2審「予見可能性がなかったとは認めがたい」

一方、2審高松高裁判決では「気管内挿管を受けた状態では、浅い鎮静化にある患者が突発的に危険行動を取ることは珍しくない。転落19時間前に暴れる、5時間前に気管チューブを握るなど2度に渡り不穏行動があり、不穏の程度が大きかったことから予見可能性があった」と、一審判決を覆し、予見可能性を認めた。転倒転落アセスメント評価については「被控訴人病院の内部評価にすぎず、この評価が存在することで予見可能性がなかったとは認めがたい」と判断した。

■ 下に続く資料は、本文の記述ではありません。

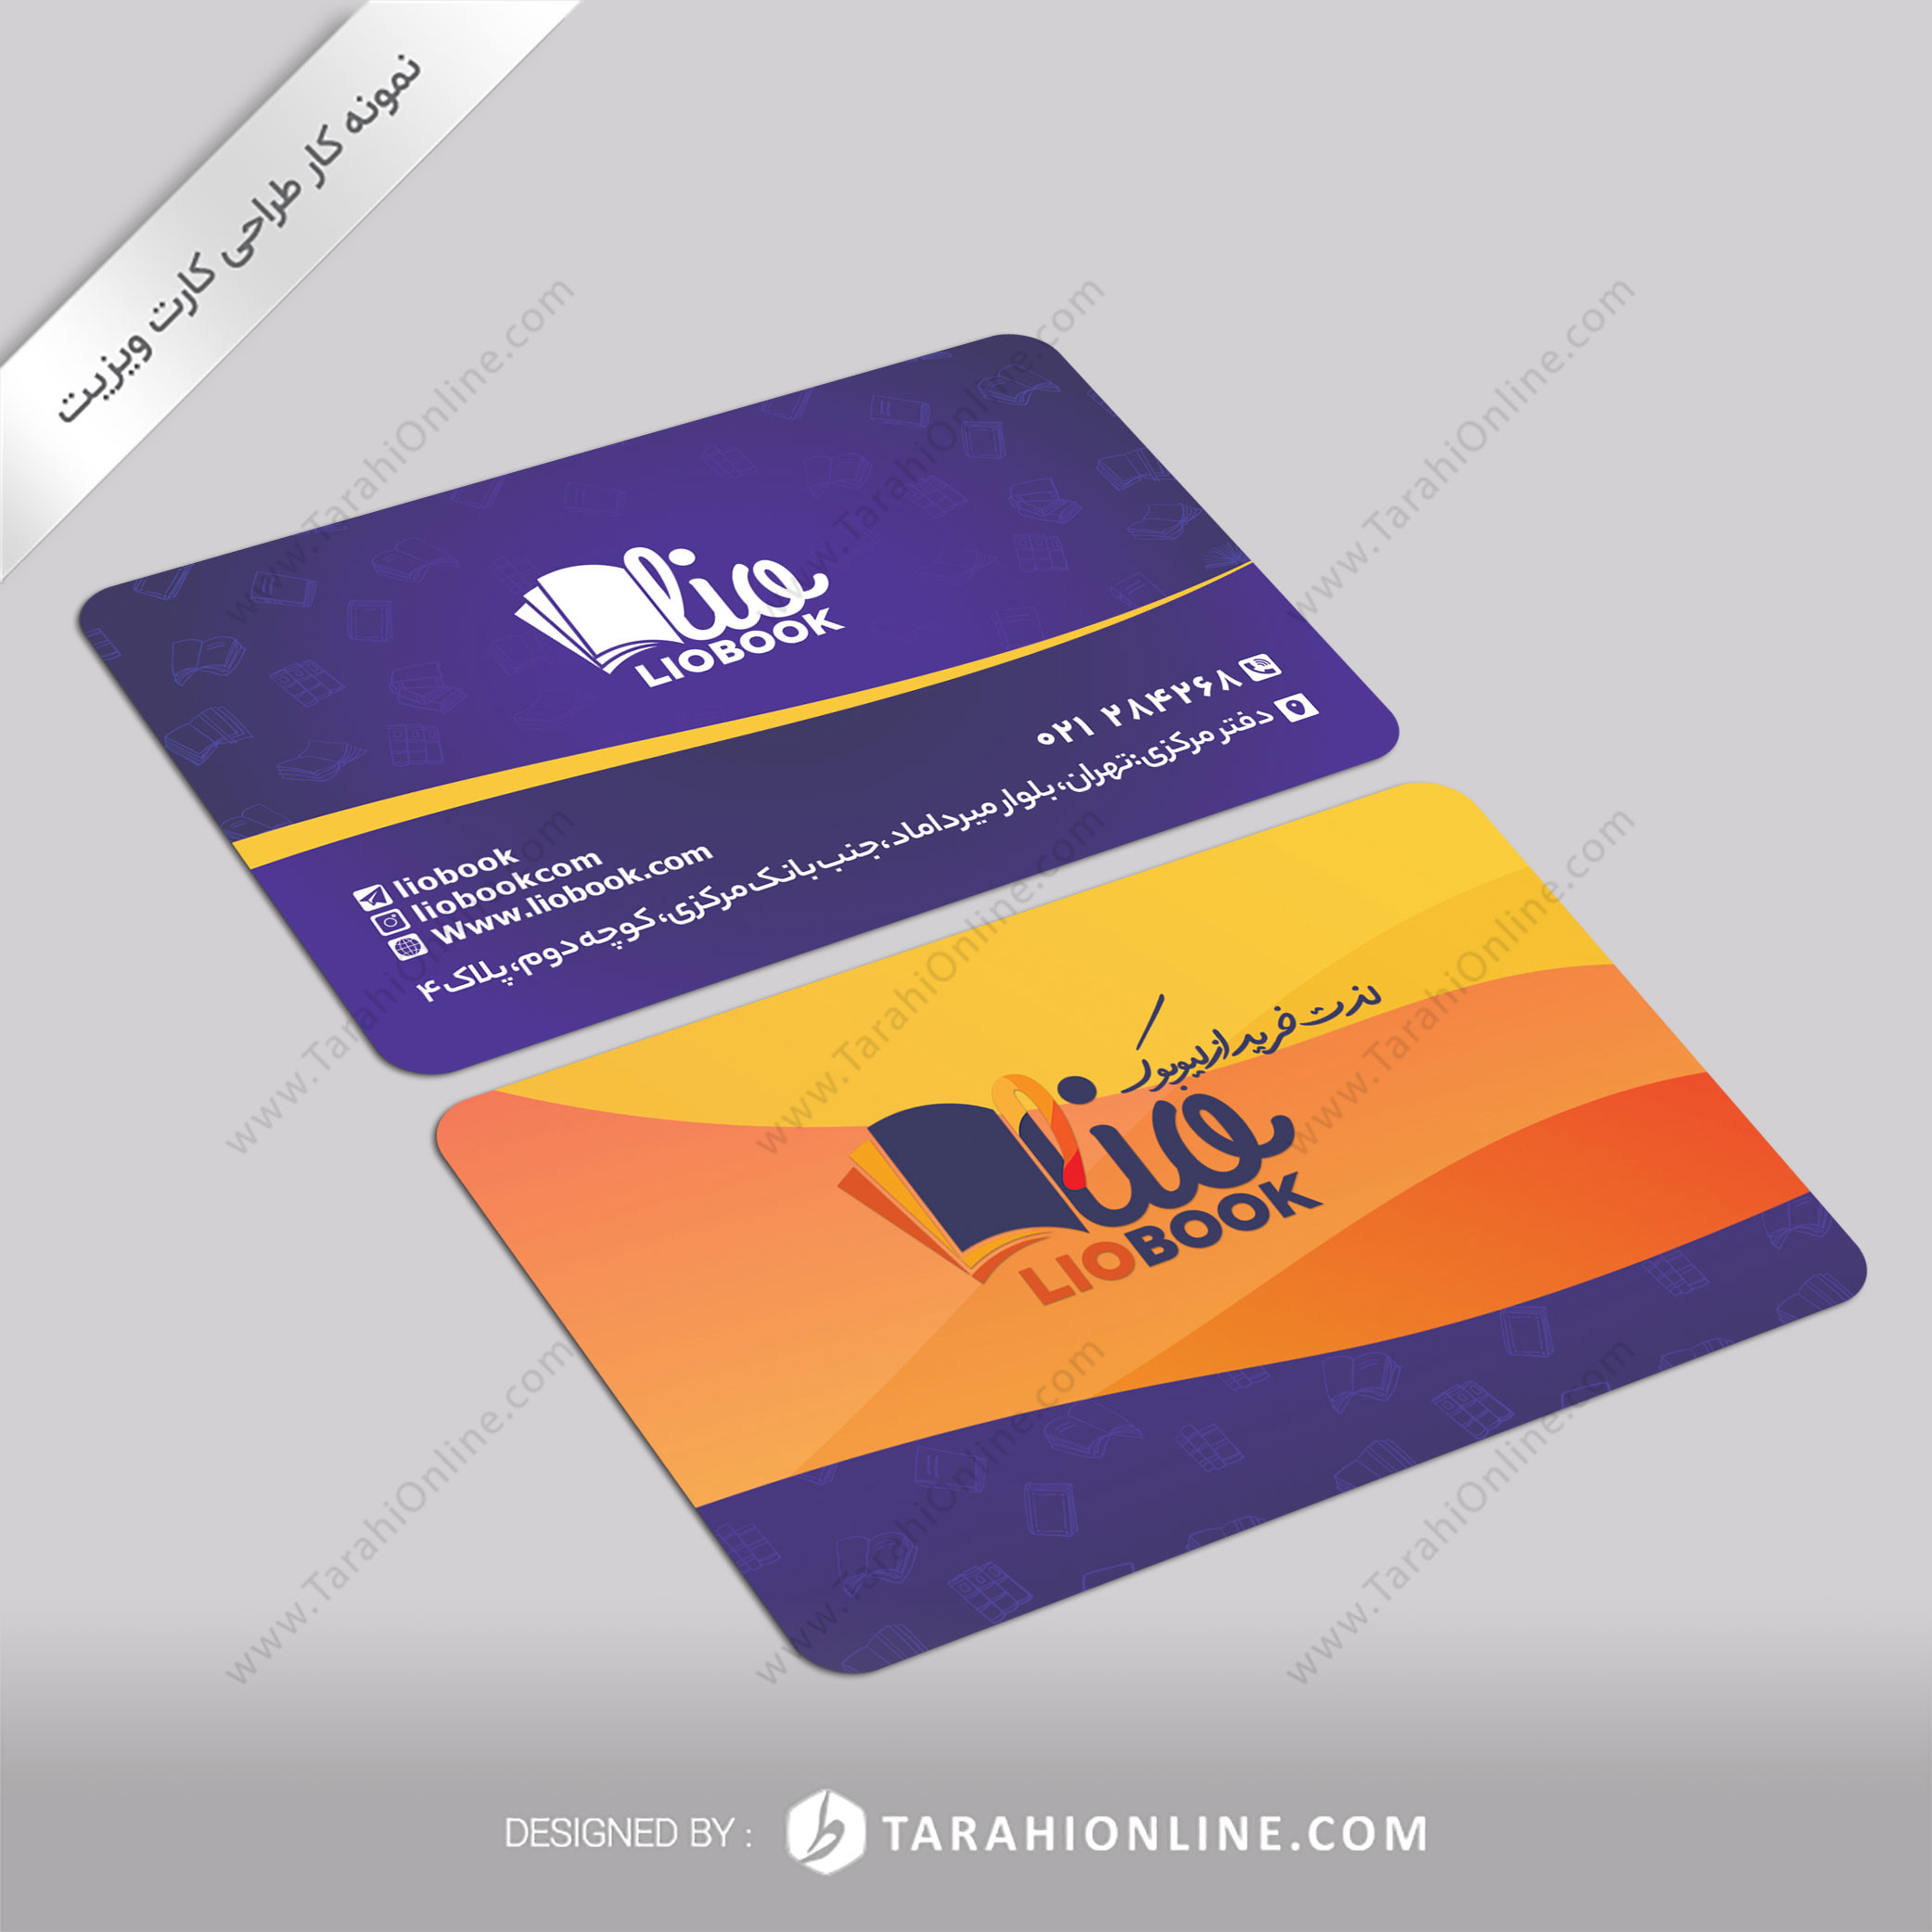 Business Card Design for Mohammadhosein Mozafari Liobook
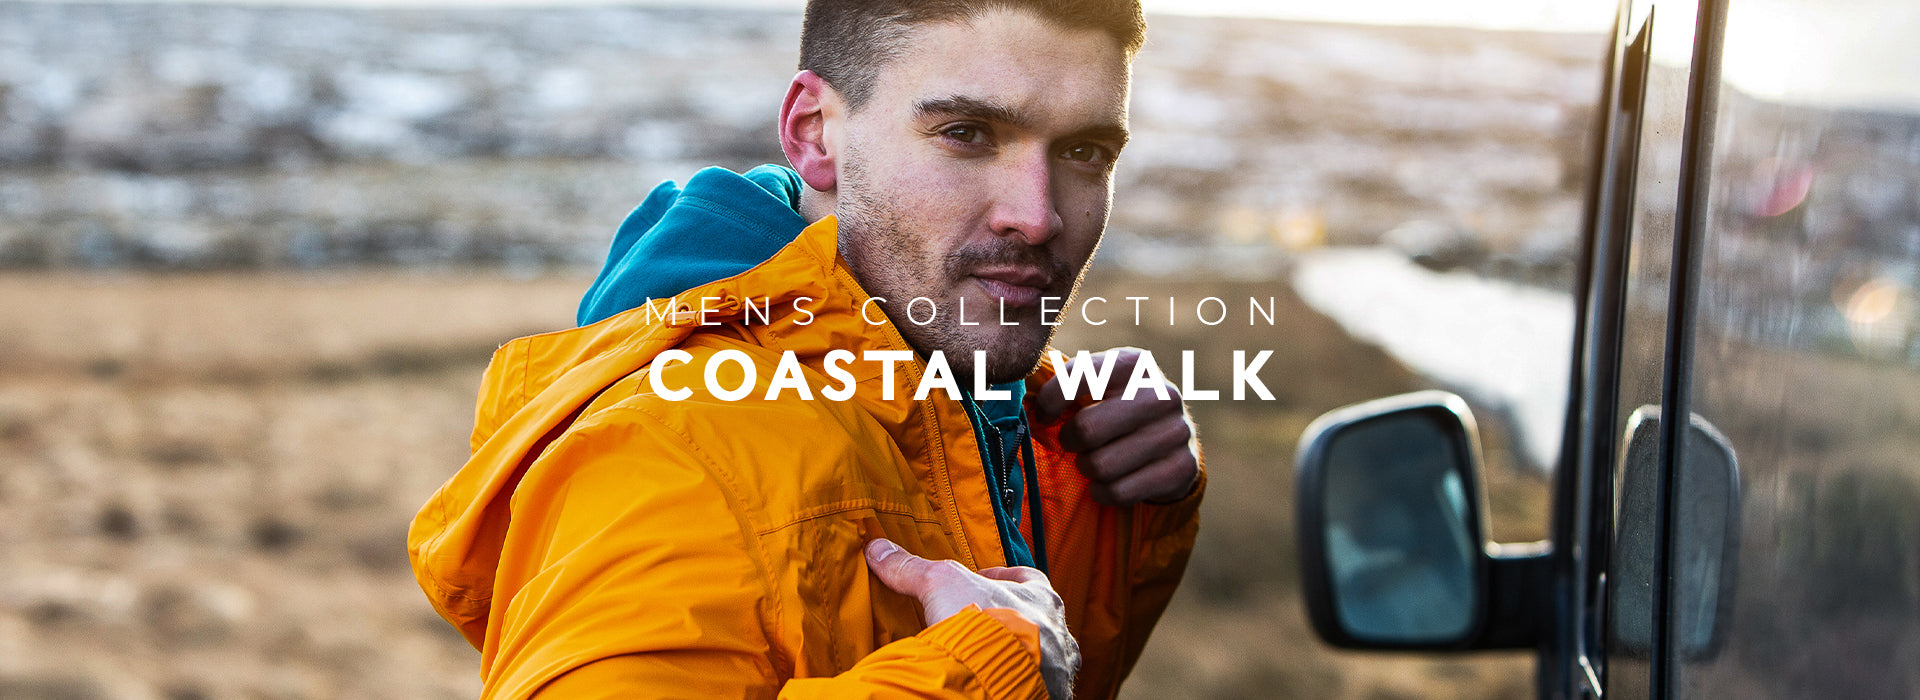 Mens coastal walk collection

さらに、「通常はICU全体を見渡せる人員を常時1人確保すべきところを確保しておらず、結果回避義務違反に当たる」「浅い鎮静に留まっていた以上、ナースコールの設置義務があった」「転落を予見できたのだから、離床センサーを設置すべきだった」ことなどを病院の過失として指摘した。・・・・」

 

結局この裁判は医療における予見可能性、回避可能性があったのかどうか、注意義務違反があったのか、というのが争点だと思います。

 

正直臨床現場の、特に救急中心の診療科で病院勤務歴がある程度ある自分からすると、この判例がでてしまうと医療が萎縮するし助けたい患者さんも助けられなくなるな、というのが本音です。

ある一定レベルの医療を提供しているにも関わらず、亡くなったという結果をもって「予見可能性があった、注意義務違反だ」と事後に断定されてしまうのが頻発するようであれば、正直全員身体拘束するか家族につきっきりで看てもらうしか病院としては対応策がなくなります。せん妄なんてどんなに頭がクリアな方でも高齢者であれば手術や検査前後で一定数おきますし、体調不良時の意識障害なんて本当に誰でも十分に起きうる話です。

ICU入室するなら必ず身体抑制必須にするの?と言われれば臨床的な感覚としてはその必要性はないですが、本件の結果を鑑みて予見可能義務の見地から考えると今後は現実的にはほぼ完全抑制しなきゃいけなくなるのではないでしょうか?・・・・あと高齢者でもそうですよね。

結果として誤嚥リスクが高くなろうが獅子筋力低下が顕著に進み廃用リスクが高くなろうが、判例で出てしまった異常は病院や現場は対策しなきゃいけないですから大多数の国民や患者さんにとっては不利益をもたらす形になると思います。

 

弁護士の先生は本裁判の結果が医療全体、社会全体に及ぼす影響も考えて判決を下しているのでしょうか?医療における予見可能性、回避可能性などの注意義務はどのレベルまで医療者が責を負うべきなのでしょうか?

これから社会で働き手がさらに少なくなる中、医療現場はさらに過酷な人手不足、介護士不足、看護師不足とも戦わなければいけません。病院の注意義務違反、予見可能性、回避可能性違反の裁判が頻回に起こるようであればますます医療提供体制が貧弱化し現場が悪循環に陥ると思います。

医療者からの見方、弁護士からの見方、一般の方からの見方、もちろん全然違うと思います。が、社会全体の最適化を考えるという点からは同じ日本人として同じだと思っています。今後は社会全体のコンセンサスが必須ですね。

 

皆さんはどこまで医療機関の責任が問われるべきだと思いますか?よければご意見くださいね。